He signed this letter to the love of his life with his full name, Jean-Marc Van Beaver.
Now, I know letter writing is a dying art and everything, but, like, can you imagine signing a message
to your significant other with your, like, full legal name? Come on. Like,
Hey, babe, want to get Chipotle tonight?
We could watch the new episode of Love Island, too, if you want.
Sincerely, Jonathan Michael Robinson III.
We told you last week that in 1942,
the Parisian authorities fished any number of body parts out of the seine,
cut up in the same way as those later found in Dr. Petio's mansion.
More than likely, some of those body parts belong to Jean-Marc Van Beaver.
And right after Van Beaver, Petio was involved with the law again.
He gave one of his patients, a young woman called Regine Baudet, a prescription for sonarol, a barbiturate sleeping pill.
Regine swung for the fences, and before taking the script to the pharmacy, she painted over where it said sonaril and wrote 14 vials of heroin.
Wow, aim high, sis.
You can't fault a gal for trying, I guess.
The pharmacist, shockingly, was not fooled by this, and after he told the police, Regine was arrested.
This wasn't her first drug offense, and she was potentially looking at some serious time.
Police talked to Petio, but he wasn't implicated in the crime or in trouble.
Nevertheless, though, he bizarrely pushed himself into the middle of the case,
convincing Regine's mother, Martha Kate, to pretend she was an addict herself
and tell the police that Regine was just trying to help her.
According to Petio, this would help her daughter avoid a long prison sentence.
To make the story convincing, he offered to make a dozen
harmless injections in her thigh so she'd have needle marks. Oh wow, no thank you. For some reason,
Martha Kate initially agreed to this, but when she told her son and husband, they talked her out of it
and told her she should report Dr. Petio to the police. Yeah. On March 25th, she left her apartment
to have a quick word with Petio and then her daughter's lawyer. She was only intending to be gone a few
minutes. She didn't take any ID and left a pot of water boiling on the stove. She was never seen again.
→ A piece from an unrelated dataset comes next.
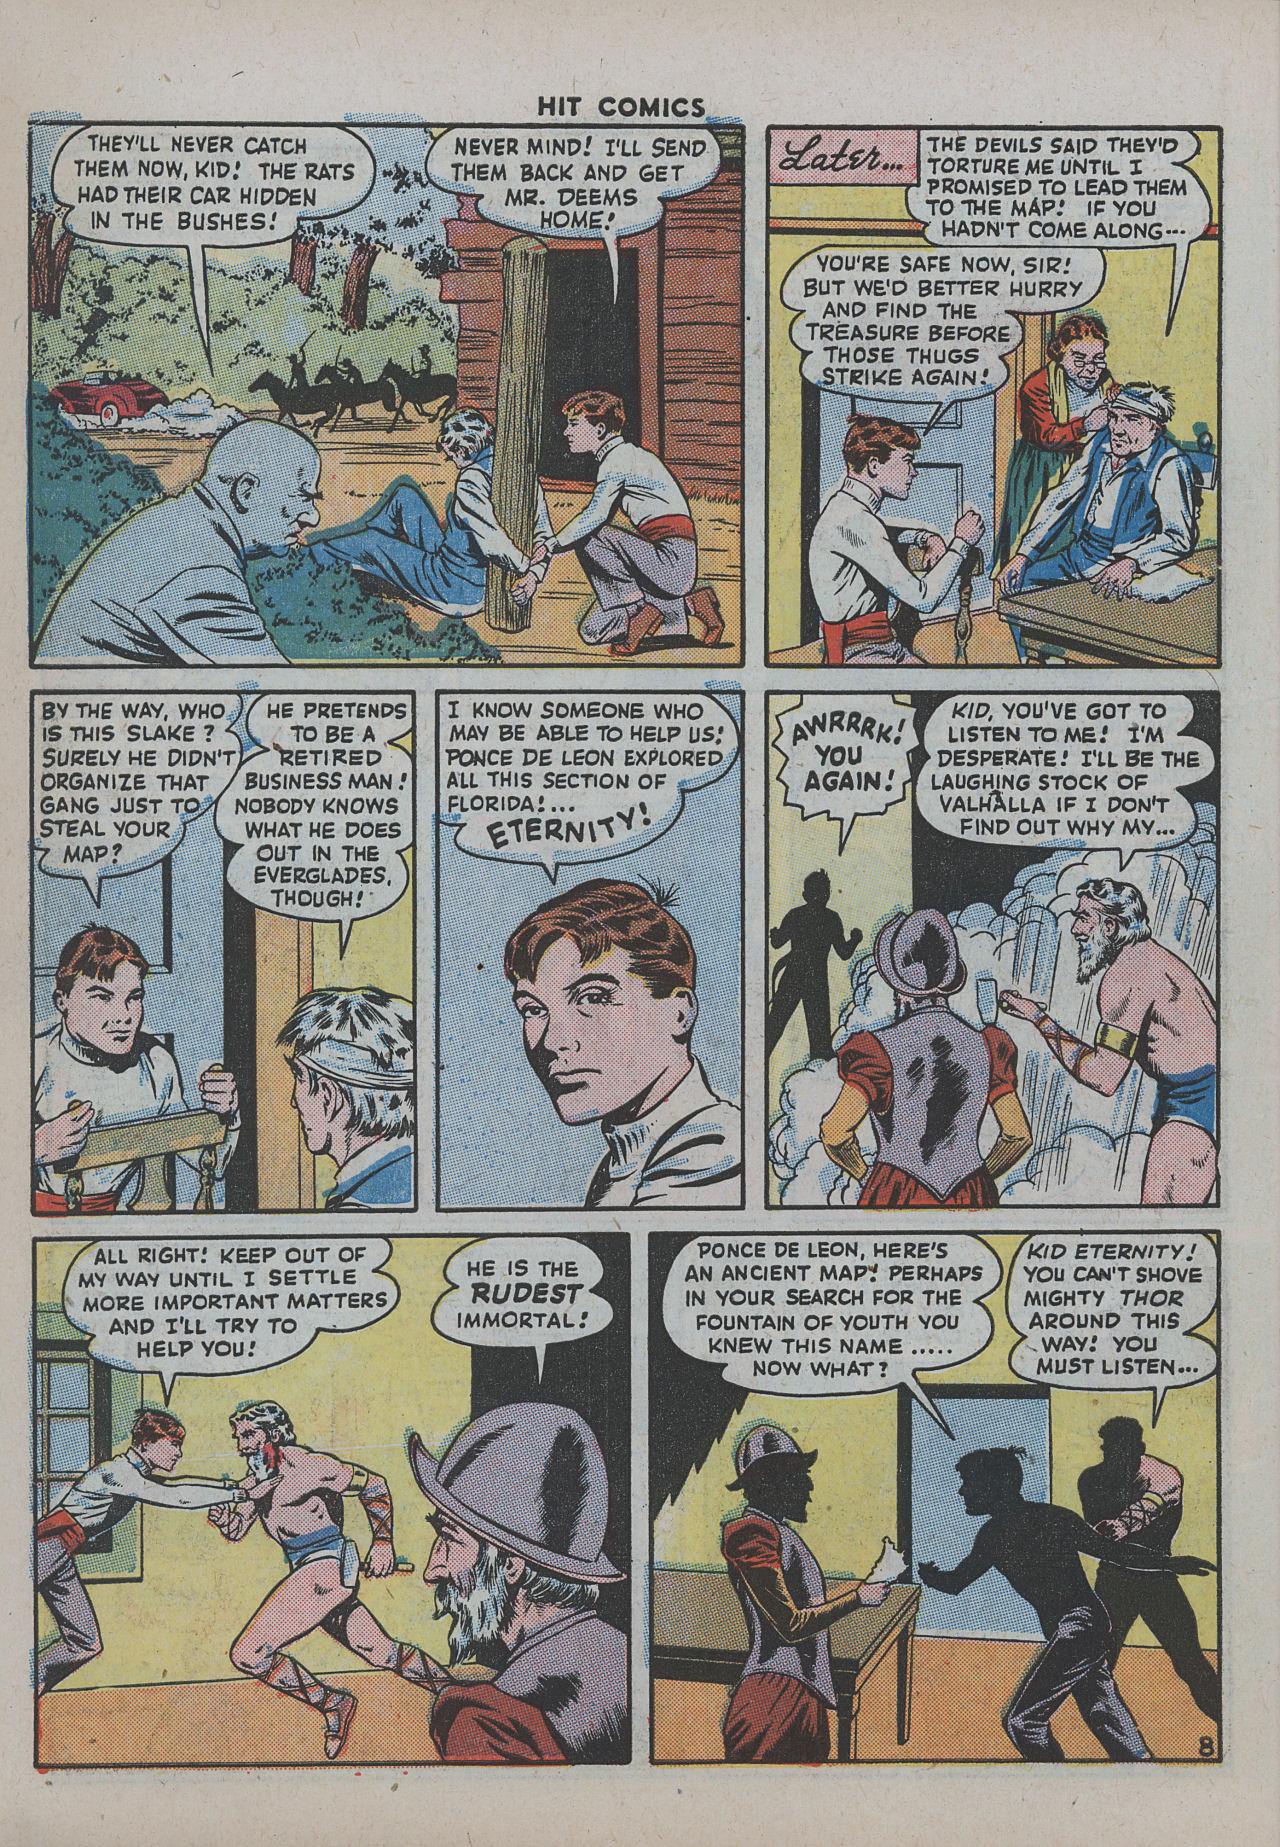 Read online Hit Comics comic -  Issue #38 - 13

and in the morning her husband got a letter apparently from her in which she said she'd fled for the free zone to avoid interrogation.
Just like with Van Beaver, she'd signed this letter to her husband with her full legal name.
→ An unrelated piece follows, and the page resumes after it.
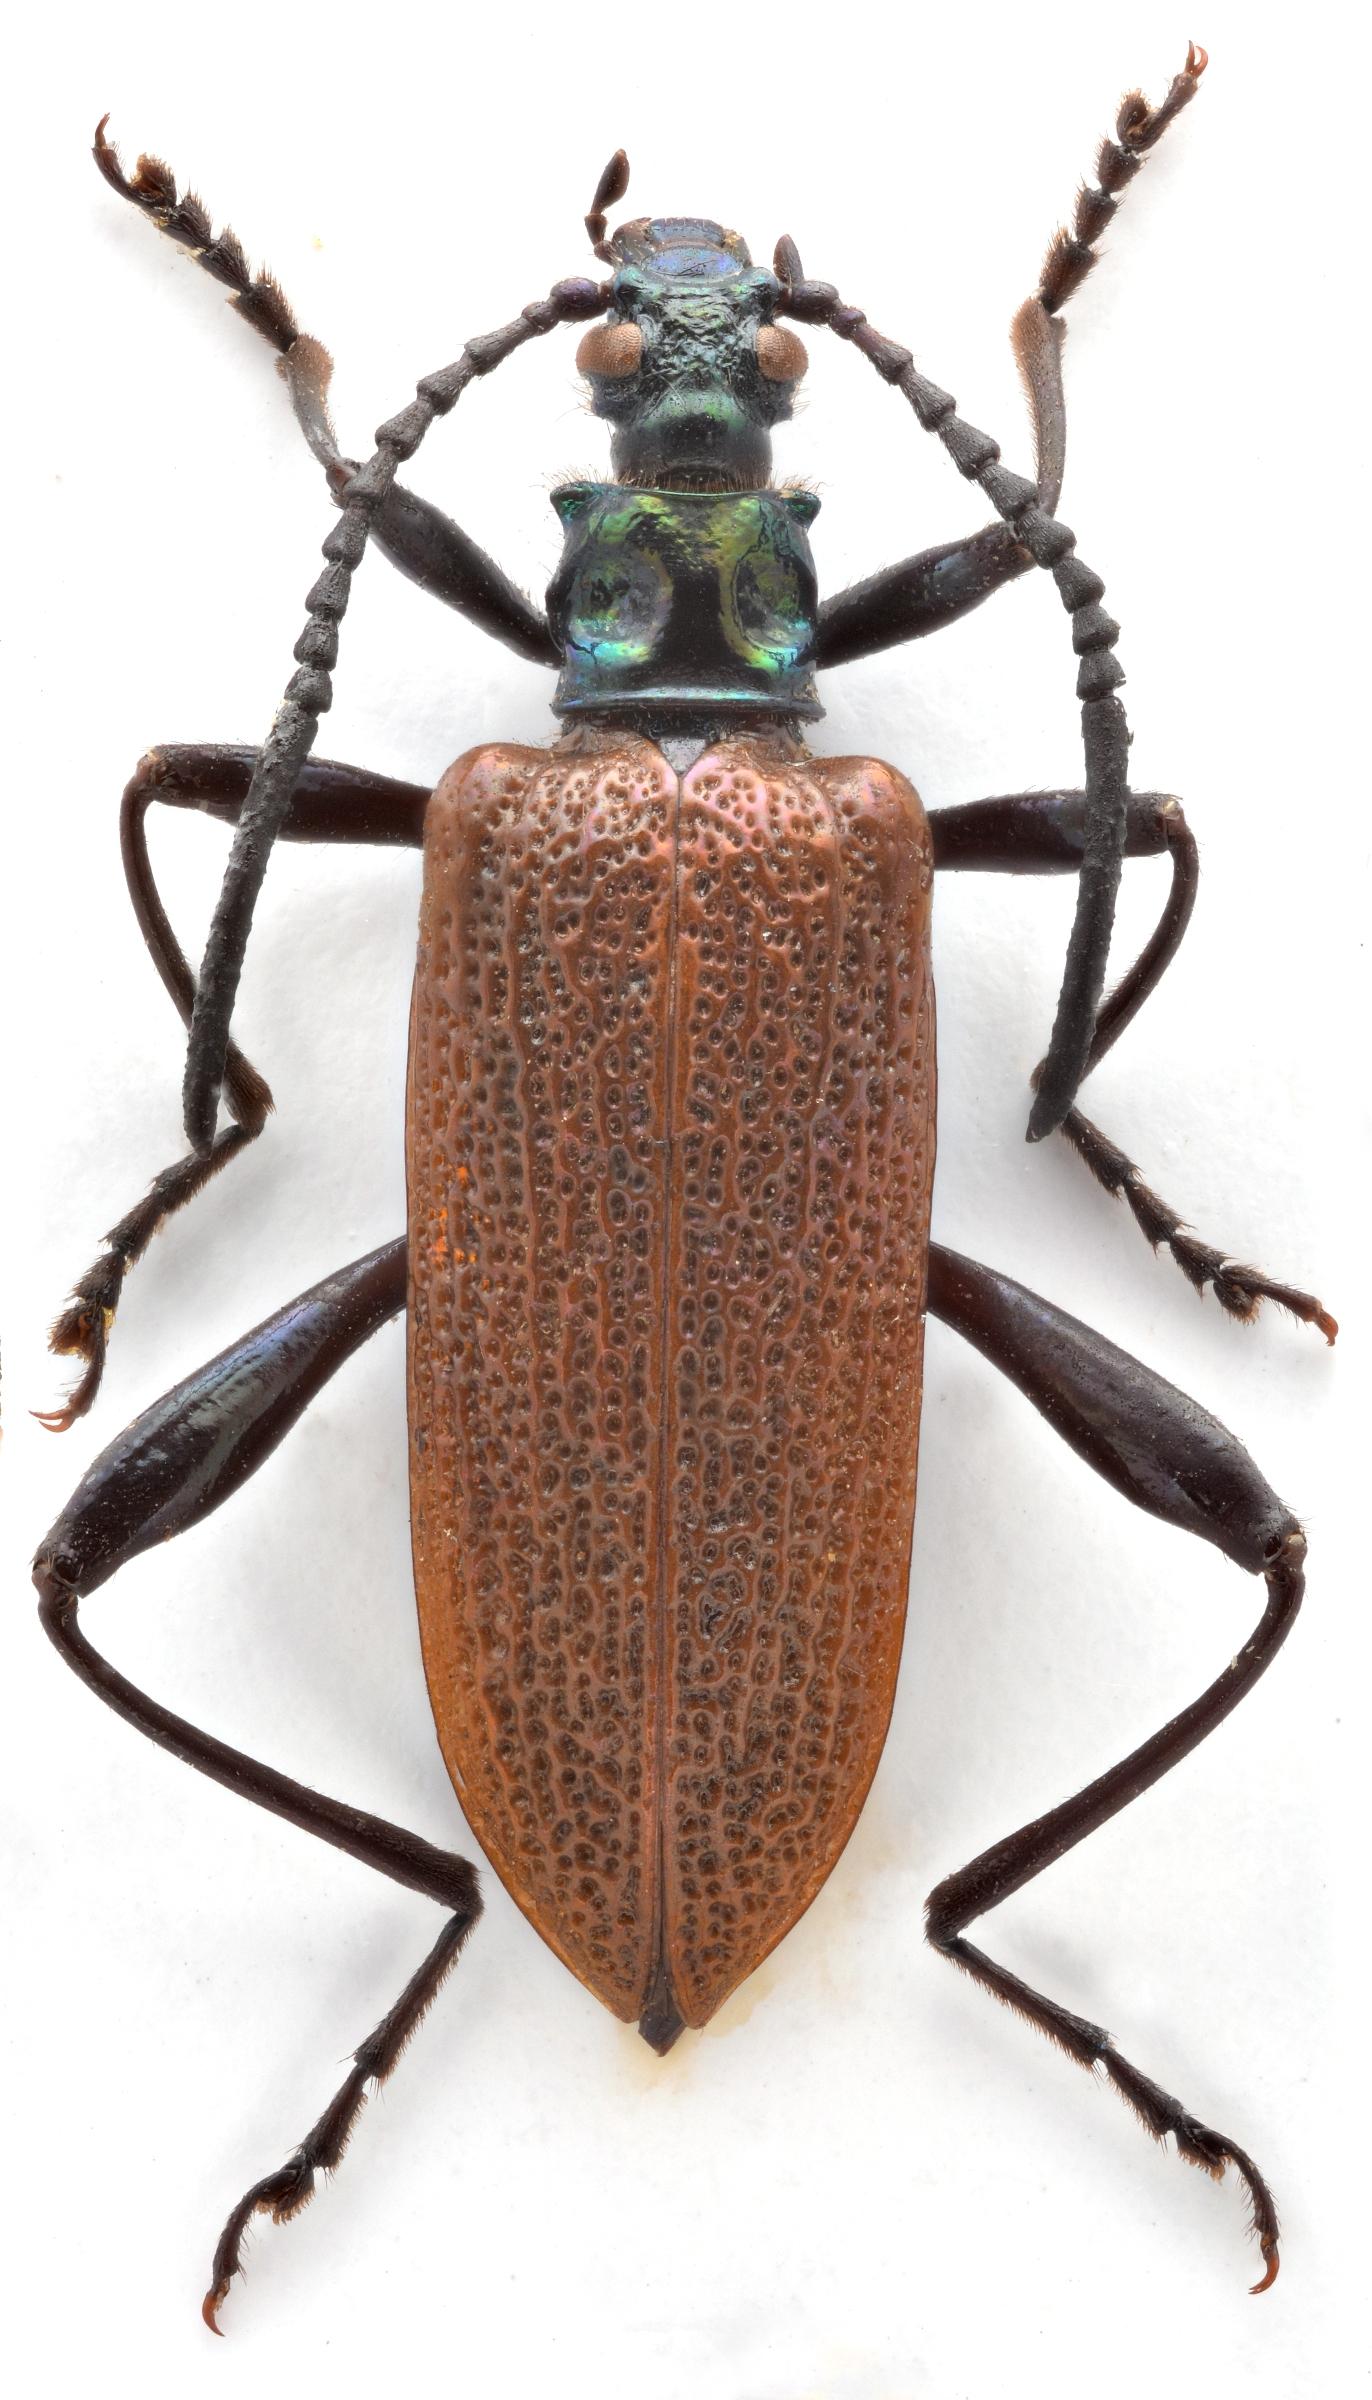 donaciolagria_medvedevi_male_holotype_kicsi.jpg

The investigation was about as half-hearted as you might expect for an adult missing person with a drug connection,
particularly when she'd apparently sent a letter explaining her absence.
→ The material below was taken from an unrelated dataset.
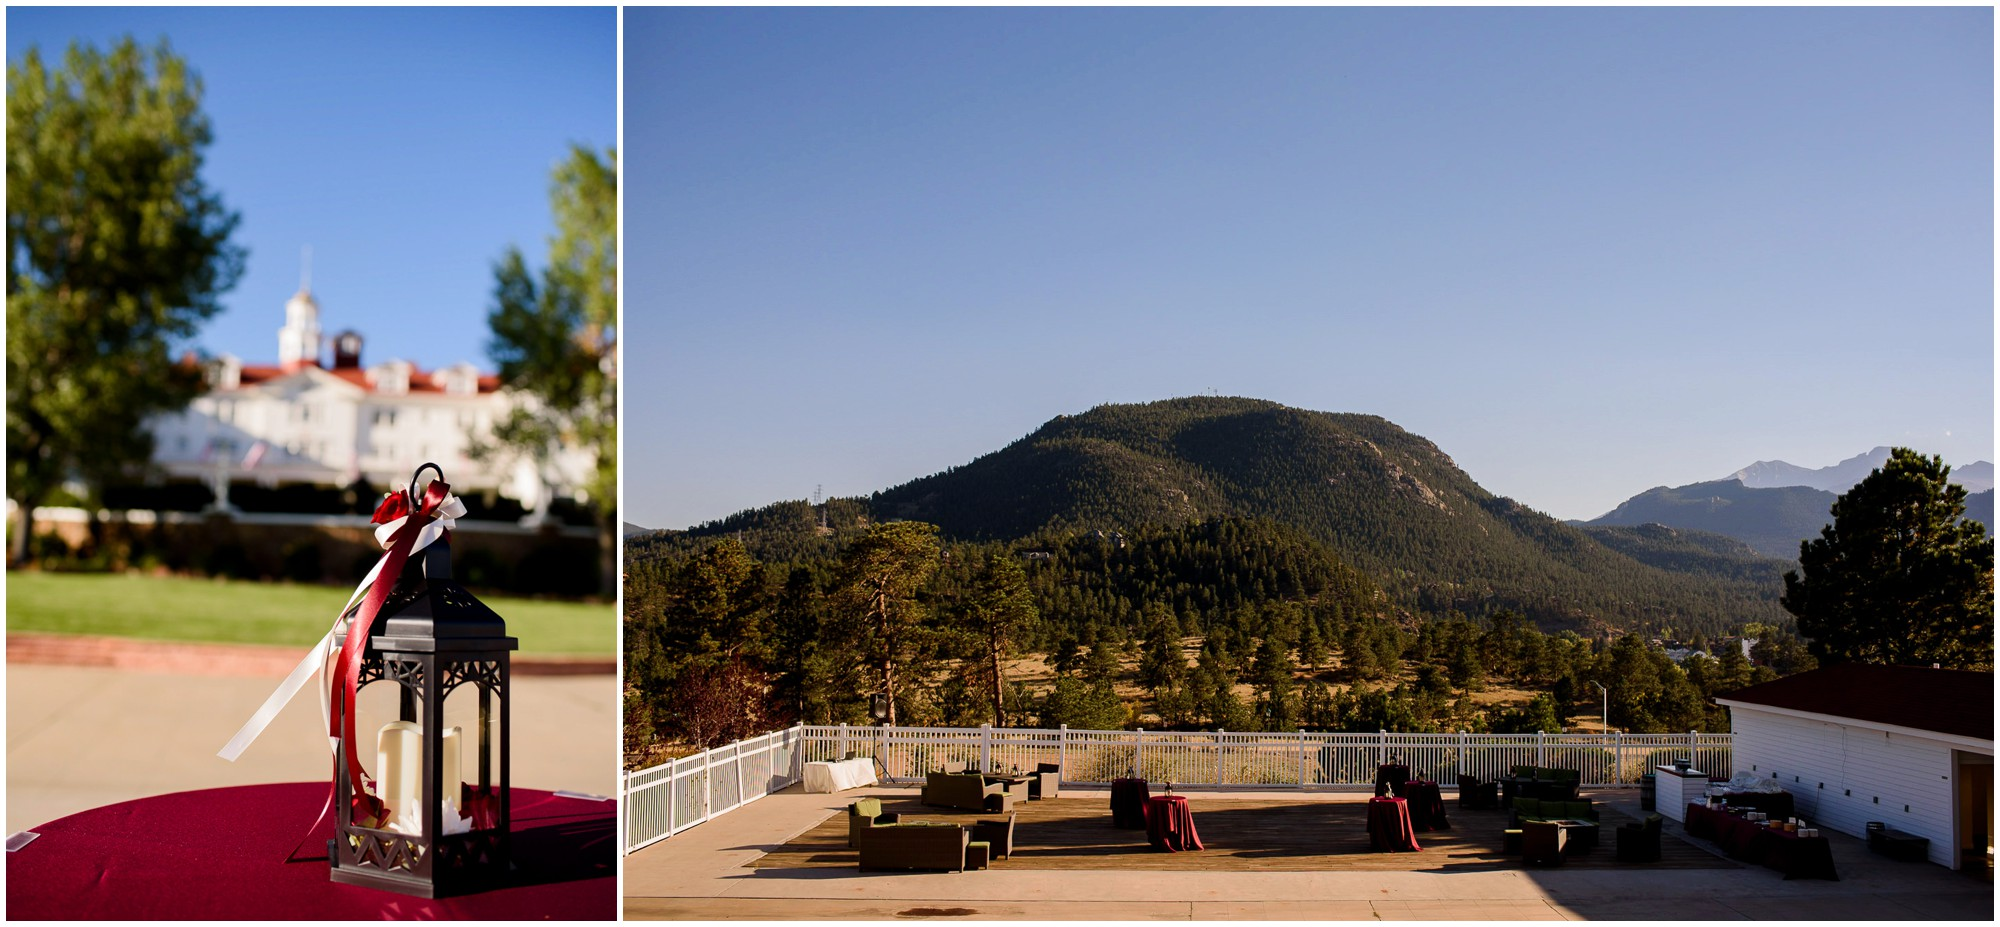 128-Estes-Park-Stanley-hotel-fall-wedding.jpg

Police searched Petio's apartment where they found nothing overtly suspicious,
but they did come across a drawer full of gems and jewelry.
Petio said these were gifts from clients,
and police had no reason to doubt him.
As they left, one of the officers apologetically told him,
rest assured, no one is accusing you of burning her in your stove
or anything ridiculous like that.
Of course, three years later,
and that was definitely one of the potential fates of Madame Kate's body.
As you might remember from the start of last week's episode,
what kicked off the discovery at Petio's mansion
was a note on his door saying he was away at an address in O'Zare.
Now, investigators from Paris hurried down to O'Zare to see what they could find there.
If they were lucky, maybe they could even catch Marcel Pedio.
Well, they found A Pedio, Marcel's younger brother Maurice, who lived in O'Zare with his family,
as well as Marcel and Georgette's 15-year-old son Gerard, who went to school down there.
As sometimes happens with siblings, Maurice looked like a version 2.0 of his old.
older brother, taller and better looking, but also without Dr. Politician Marcel's success.
Maurice had struggled with money throughout adulthood and had declared bankruptcy a few years
previously. He and his family lived in an apartment over his electronics shop and were finally
doing well, well enough to own several properties in the area, including the address that had
been fixed to the door of Marcel's Paris Mansion House. A mainstay of Maurice's electronics
business was selling radios, which were hugely popular during the business. A mainstay of Maurice's electronics business was
selling radios, which were hugely popular during the war so that people could listen to the BBC
and get information that wasn't censored by the Germans. Maurice's shop was doing well. But well
enough to support him buying multiple properties, that'd take a lot of radios. Investigator's
suspicions about where the money for these properties came from spiked even higher when they got
a look at Marcel's forwarding address, a fancy chateau close to the river that would have cost a
fortune. Inside, it reminded them of the Paris mansion. Dusty and poorly kept, crammed with art and
furniture. But of Marcel and Georgette Pettio, there was no sign, and Maurice and his family
claimed to have not heard from them in a while, certainly not since the awful discoveries in the
mansion house. The investigators asked the local police to keep their eyes peeled and headed back
to Paris. On March 14th, two and a half days after those grim discoveries, one of the sharp-eyed
Osir officers noticed a woman in a black skirt and coat waiting for a train at the station.
She matched the description and picture he'd been shown, so he approached and asked her if she was
Georgette Petio. She said she was, and then, I have done nothing wrong and fainted on the platform.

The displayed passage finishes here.